Modular manipulations, arpeggios, and acoustic picking, produce nocturnal emissions. Dark and electronic, but still a living, vibrant sound. Sustained sequences synthesizing a sonic haze. Melodies emerging from the synergising phase. Kinda kosmische like early Tangerine Dream – say Alpha Centauri or Zeit. New age, in as much as the music strives for the transcendental, aims to provide a means for meditation, a means to momentarily escape now.

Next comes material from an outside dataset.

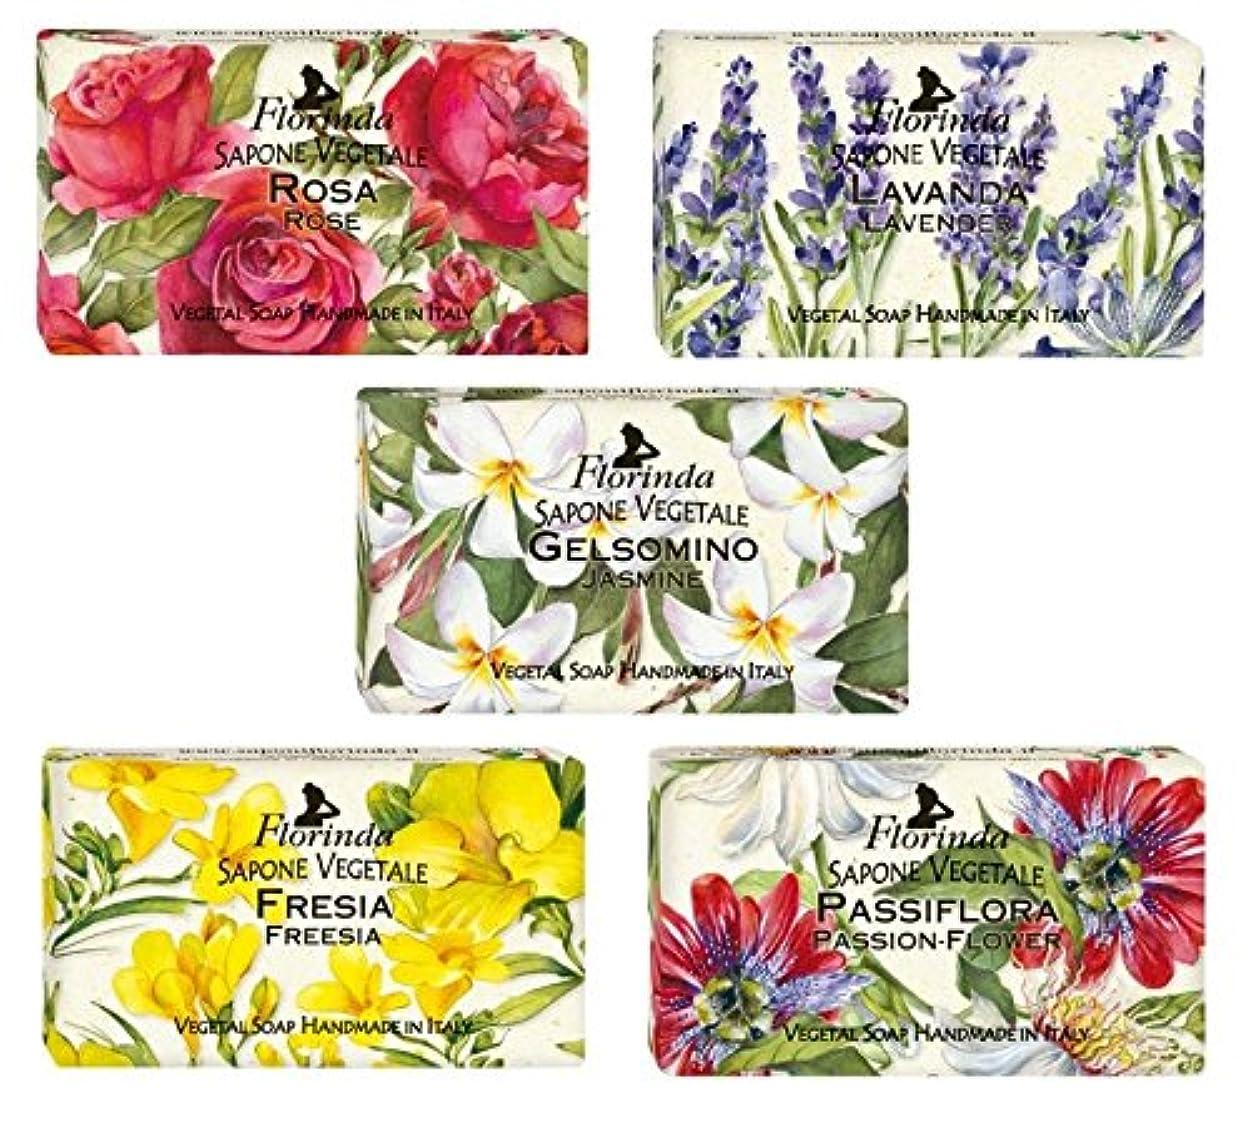 ほこり延期する解く【5種セット】 フロリンダ フレグランスソープ 95g 花の香り 5種セット

It falls to a hush, just a rush of wired winds. A hiss like the rustle of leaves. Single notes decaying in delay. Hanging in the ether like vapour. A psychedelic shimmer, with a temple-like air. Descending through altered states to occult oscillations, the low frequency Om of not the ghost but the zen in the machine. A bottom-end pulse, warm and womb-like, that summons a safe place, a calm away from the chaos. Somewhere to hide and recharge.
So come gather your crystals, whatever totems turn you on. Tune-in, drop-out, float awhile. In the internal eternal aquatic, amniotic, as steel strings echo the submerged song of ambient maestro B.J. Cole. The set`s title, Ripples, perhaps a reference to the positive energy present`s constant organic flow. Edges fizzing with fractals. Busy with details dissolving into the unknown. Drifting in and out of a waking dream, while axes work like Ash Ra, and harmoniums drone. Opening gateways, priming the listener for ascension. The aural aura incandescent with a celestial glow.
The Ocean Moon Group are Jon Tye, Graham Guy-Robinson, and Jack Amor. Their improvisation, Ripples, is available as a download, or super-limited cassette, care of Ruf Dug`s Ruf Kutz.